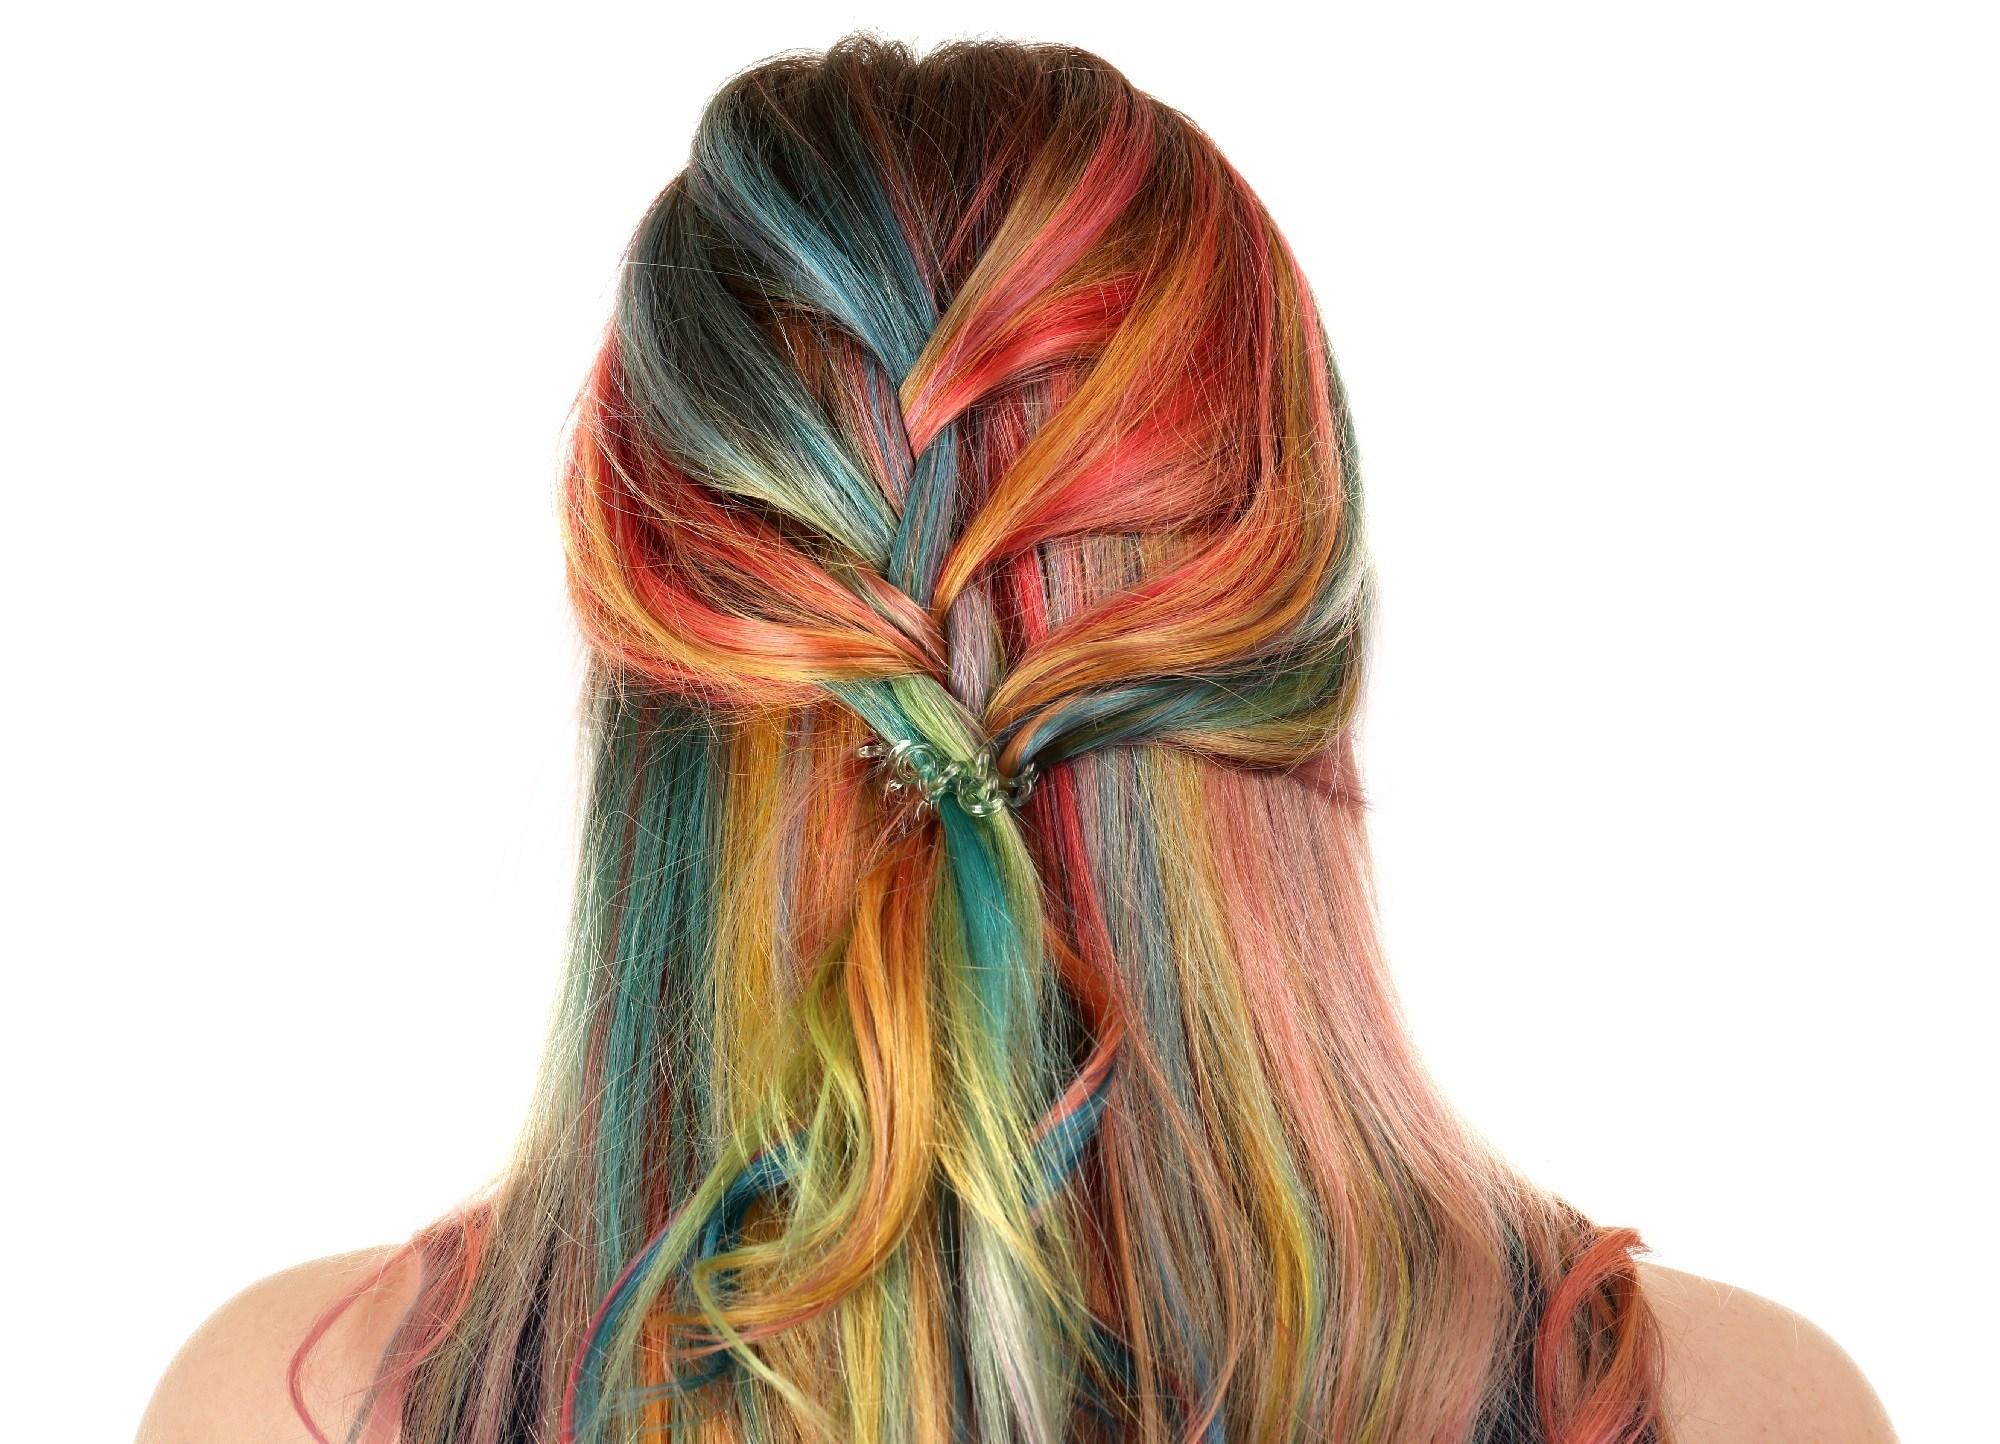 Rainbow hair color ideas - Braids Shutterstock
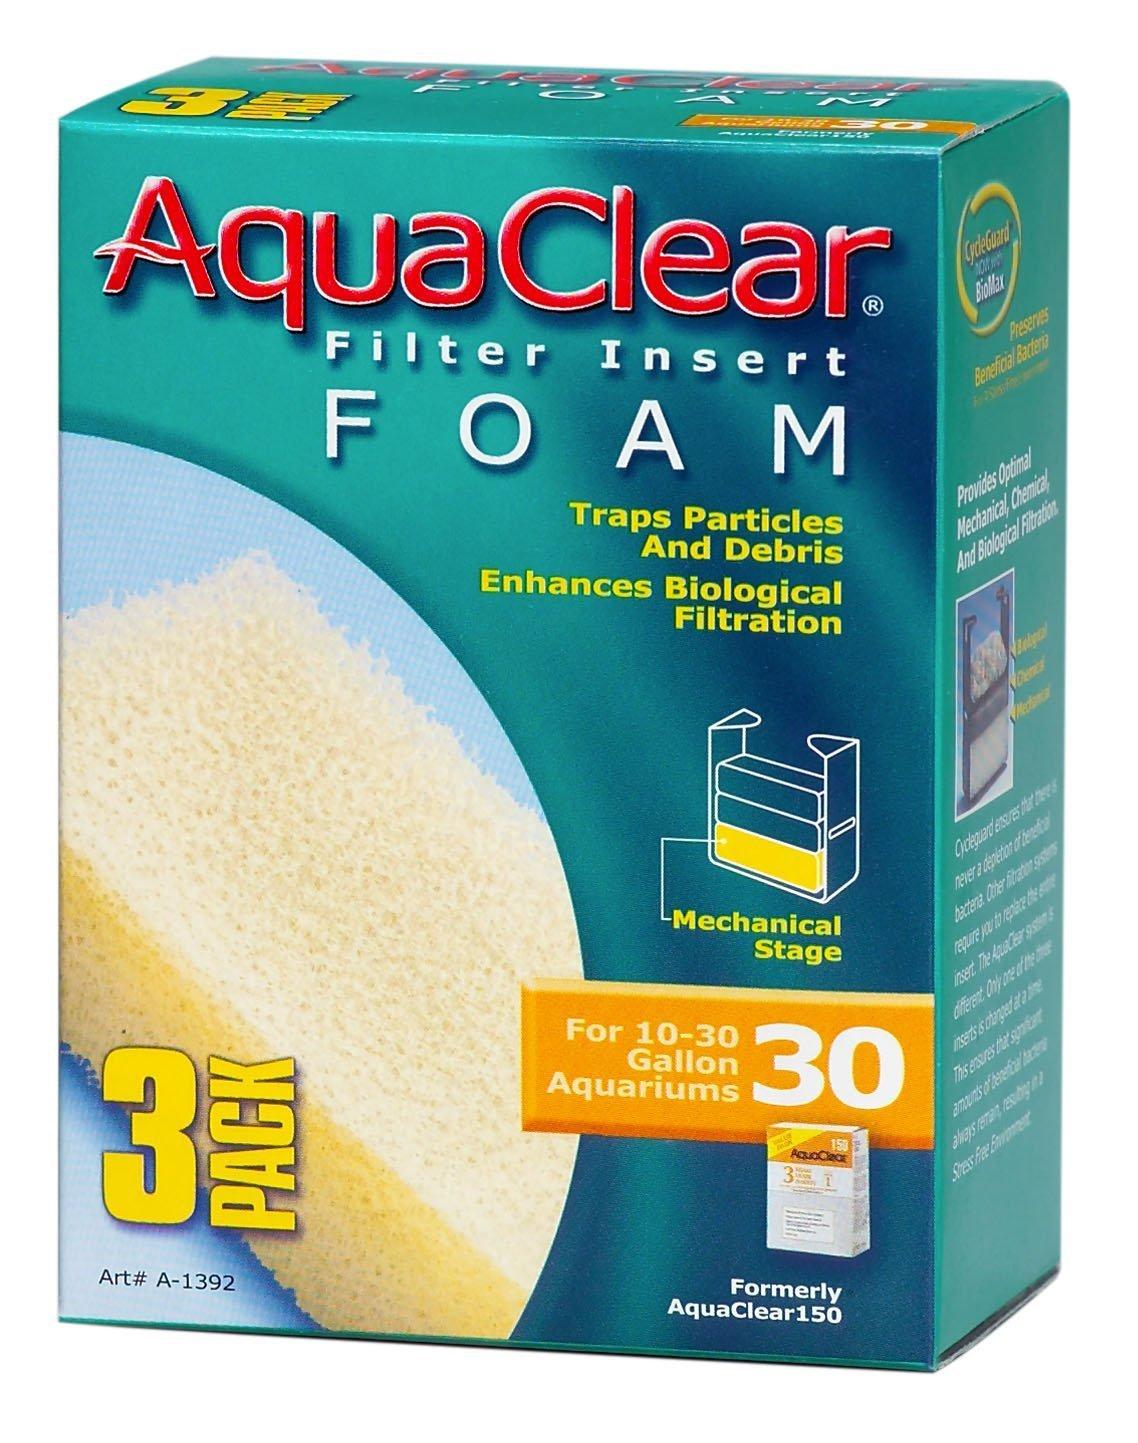 3-Pack Aquaclear Foam Filter Inserts for 5 to 20 Gallon Aquariums
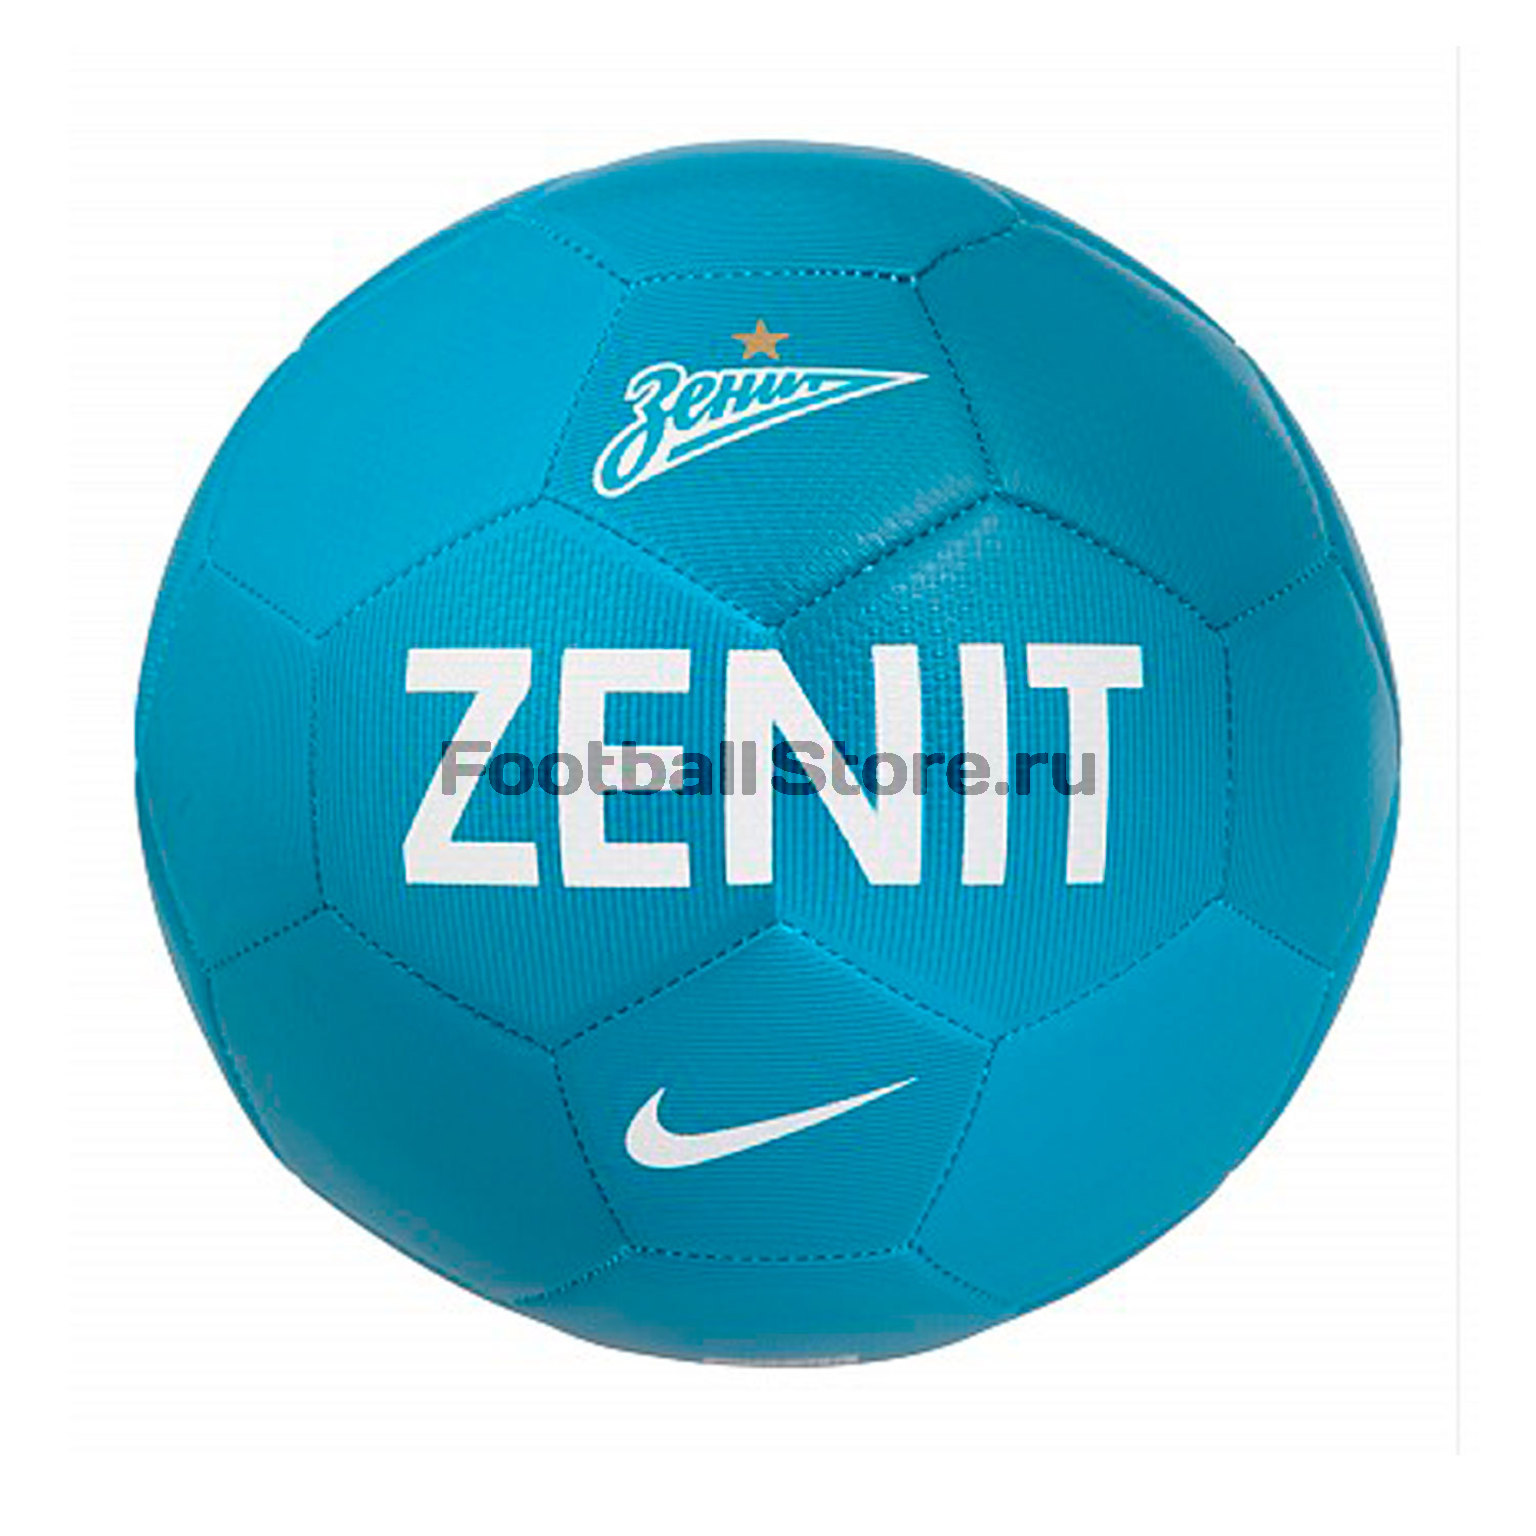 Zenit Nike Мяч Nike Prestige Zenit SC3005-498-4
################
What the task asks ->
Give again, exactly, each line from the one that contains "3-Pack Aquaclear Foam" through the last line of the material above. Pictures do not belong in the copy.

Result for this task ->
 3-Pack Aquaclear Foam Filter Inserts for 5 to 20 Gallon Aquariums
 Zenit Nike Мяч Nike Prestige Zenit SC3005-498-4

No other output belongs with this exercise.